ROANOKE TIMES

                         Roanoke Times
                 Copyright (c) 1995, Landmark Communications, Inc.

DATE: FRIDAY, July 16, 1993                   TAG: 9307160387
SECTION: VIRGINIA                    PAGE: A-1   EDITION: METRO 
SOURCE: CAROLYN CLICK STAFF WRITER
DATELINE:                                 LENGTH: Medium


TRANSPLANT PROGRAM HAS HEALTHY START

Roanoke Memorial Hospital's first kidney transplant recipient said Thursday that he was reborn on the operating room table because of a surgeon's skill and his eldest sister's generosity.

"After the transplant, I felt like another life had been restored to me," said Wilson "Billy" Fitzgerald, 41, of Roanoke.

Fitzgerald, looking fit, was introduced at a hospital news conference along with his sister, Maxine Fitzgerald, who donated one of her kidneys, and Dr. Joseph Hayes, the transplant surgeon credited with launching the first transplant program in Southwest Virginia.

"The donor is the real hero," Fitzgerald said, pointing to his sister, "next to the surgeon."

The siblings went into the operating room together on June 21, and five days later both were discharged. Hayes, who trained at the Cleveland Clinic, said their recovery has been remarkably trouble-free.

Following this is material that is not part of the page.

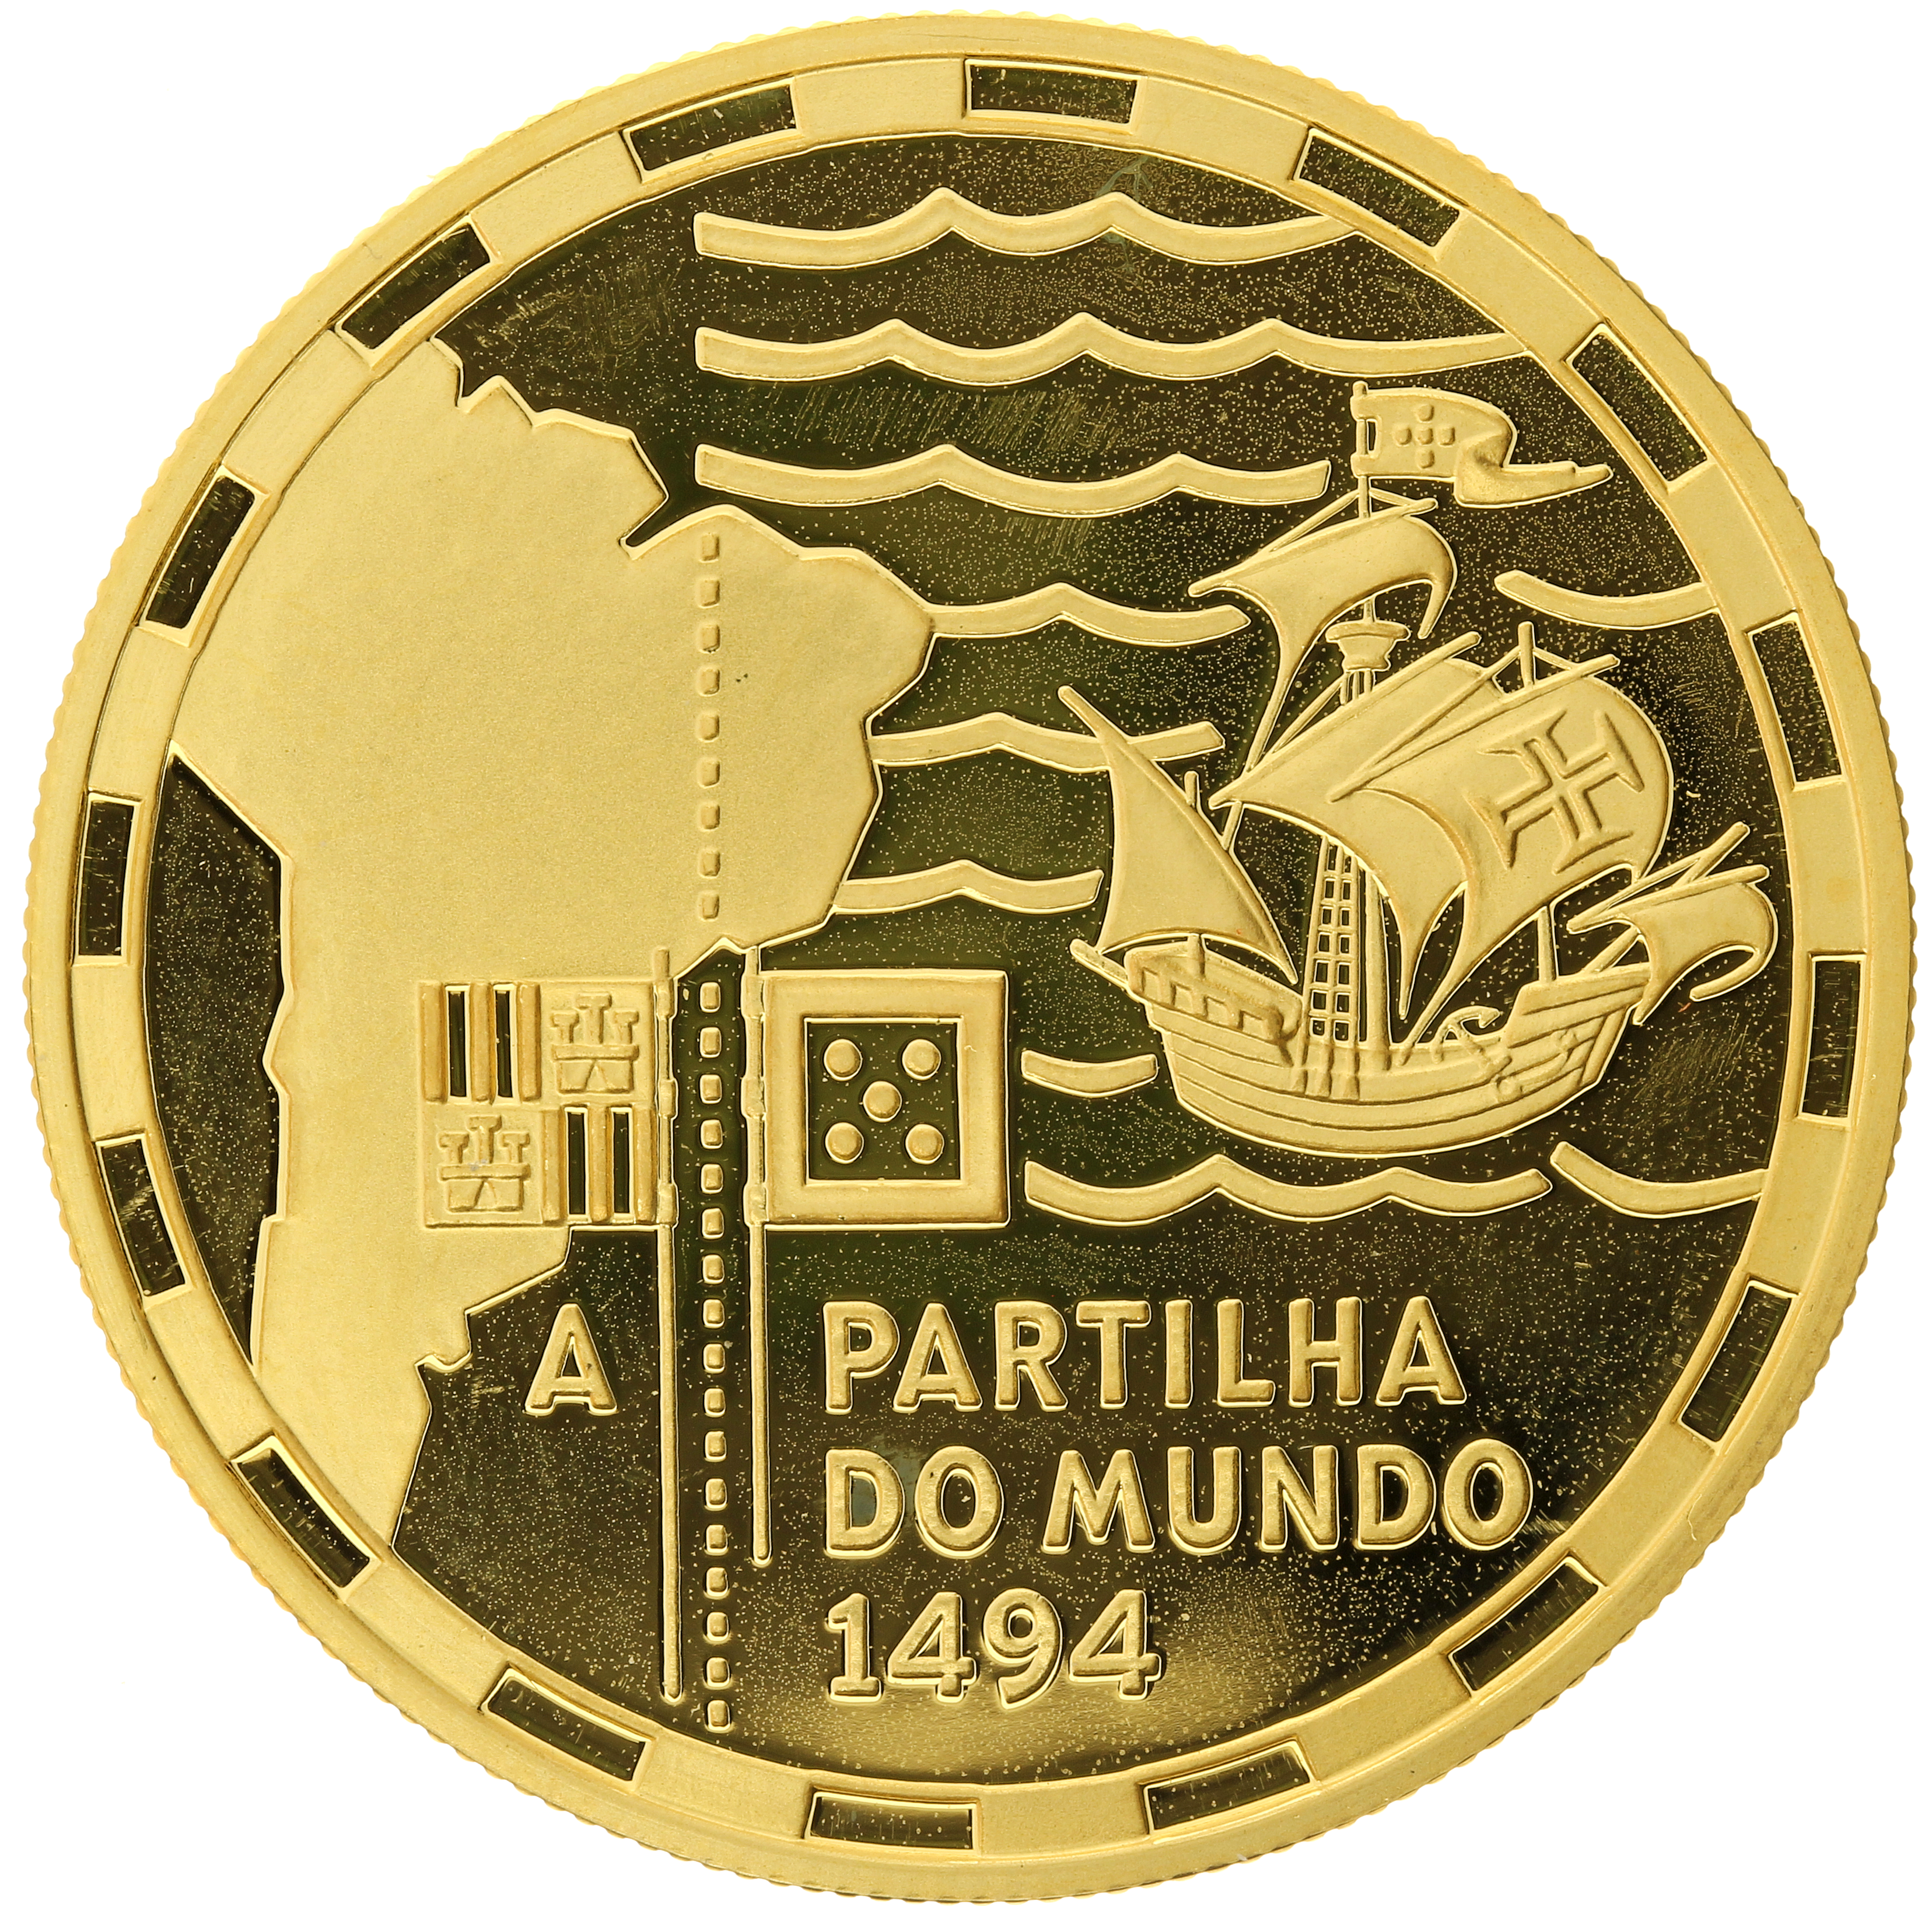 Portugal - 200 escudos - 1994 - Partilha do Mundo 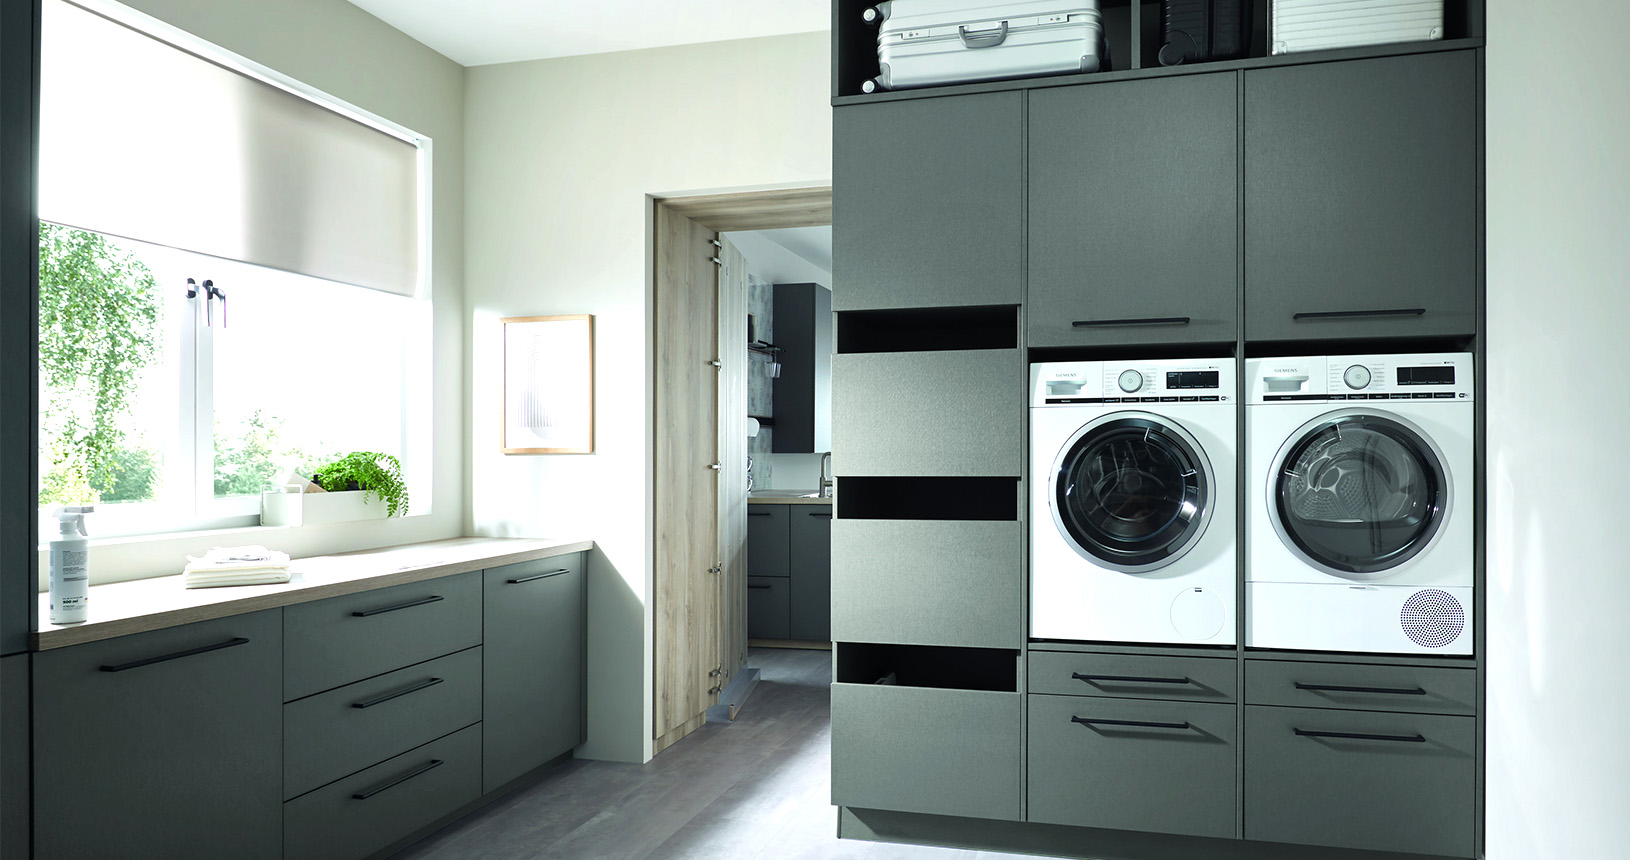 Hauswirtschaftsraum mit eingebauter Waschmaschine und Wäschetrockner

Fitzgerald, who suffered from hypertensive nephrosclerosis, a disease brought on by high blood pressure, said he has been listening to his sister Maxine "all my life."

So when he suffered renal failure and went on dialysis 10 months ago, there was little question she would be the one to donate a kidney if doctors determined they were compatible.

"Basically, I just said I would do it," said Maxine Fitzgerald, 47. The Vinton woman, an employee at the Veterans Affairs Medical Center in Salem, said she had no anxiety about the donation.

"To see my brother walking around, it's a piece of cake," she said.

Another brother, Donald Fitzgerald, also was a compatible match and was willing to donate a kidney, but he lives in Florida and would have had to travel to Virginia for the operation. Another sister was not tested because doctors already had two good matches.

Humans can function on one kidney with no adverse effects. The life of the donated kidney is somewhere between 12 and 15 years or even longer, said Hayes.

Roanoke Memorial officials began the complex regulatory process to establish a transplant program at the Carilion Health Systems hospital more than a year ago, spurred on by local physicians who wanted a program that was more accessible for their patients.

Thursday, Carilion Vice President Morris Reece said the Fitzgerald transplant, along with two others that have been completed since June 21, justifies the decision.

All three transplants involved donors and recipients from the Roanoke area.

For Billy Fitzgerald, a father of four, the transplant program couldn't have come at a better time.

He had planned to have his operation at Duke University Medical Center and did not relish the long commutes to Durham for the intensive follow-up treatment that is required.

"It made all the difference in the world to have my family around," said Fitzgerald. "It was almost like a godsend."

The first 90 days after a transplant are critical, and Hayes said he has been able to see Fitzgerald every day since the operation because he is only 10 minutes away.

Hayes and his transplant team, including transplant nephrologist Dr. M. Mathew and two transplant coordinators, have evaluated, or are in the process of evaluating, more than 40 patients who need transplants.

Although some will go on national donor waiting lists, a phenomenal 60 percent to 70 percent have family donors, which speeds up the process considerably, Hayes said.

Hayes said he expects to perform around 30 transplants a year at Roanoke Memorial.

Meanwhile, Billy Fitzgerald and his sister plan to speak up about their experience, particularly in the black community where the percentage of willing organ donors is low.

"I'm definitely going to be an advocate for procurement," said Billy Fitzgerald, who worked at Grumman Emergency Products Inc. until the plant was closed recently. "My culture definitely needs to know that. Maybe people will get the message to sign the backs of their driver's licenses."

Diabetes and hypertension are the leading causes of kidney disease, and among blacks, particularly young black men, hypertension is especially deadly.

When it goes unnoticed for a period of time, as in Fitzgerald's case, the damage to the kidneys is irreparable.

"We have a disproportionate number of blacks on dialysis because of hypertension," said Mathew. Transplant advocates have encouraged more donation in minority communities because a match within a racial group offers the greatest chance for success.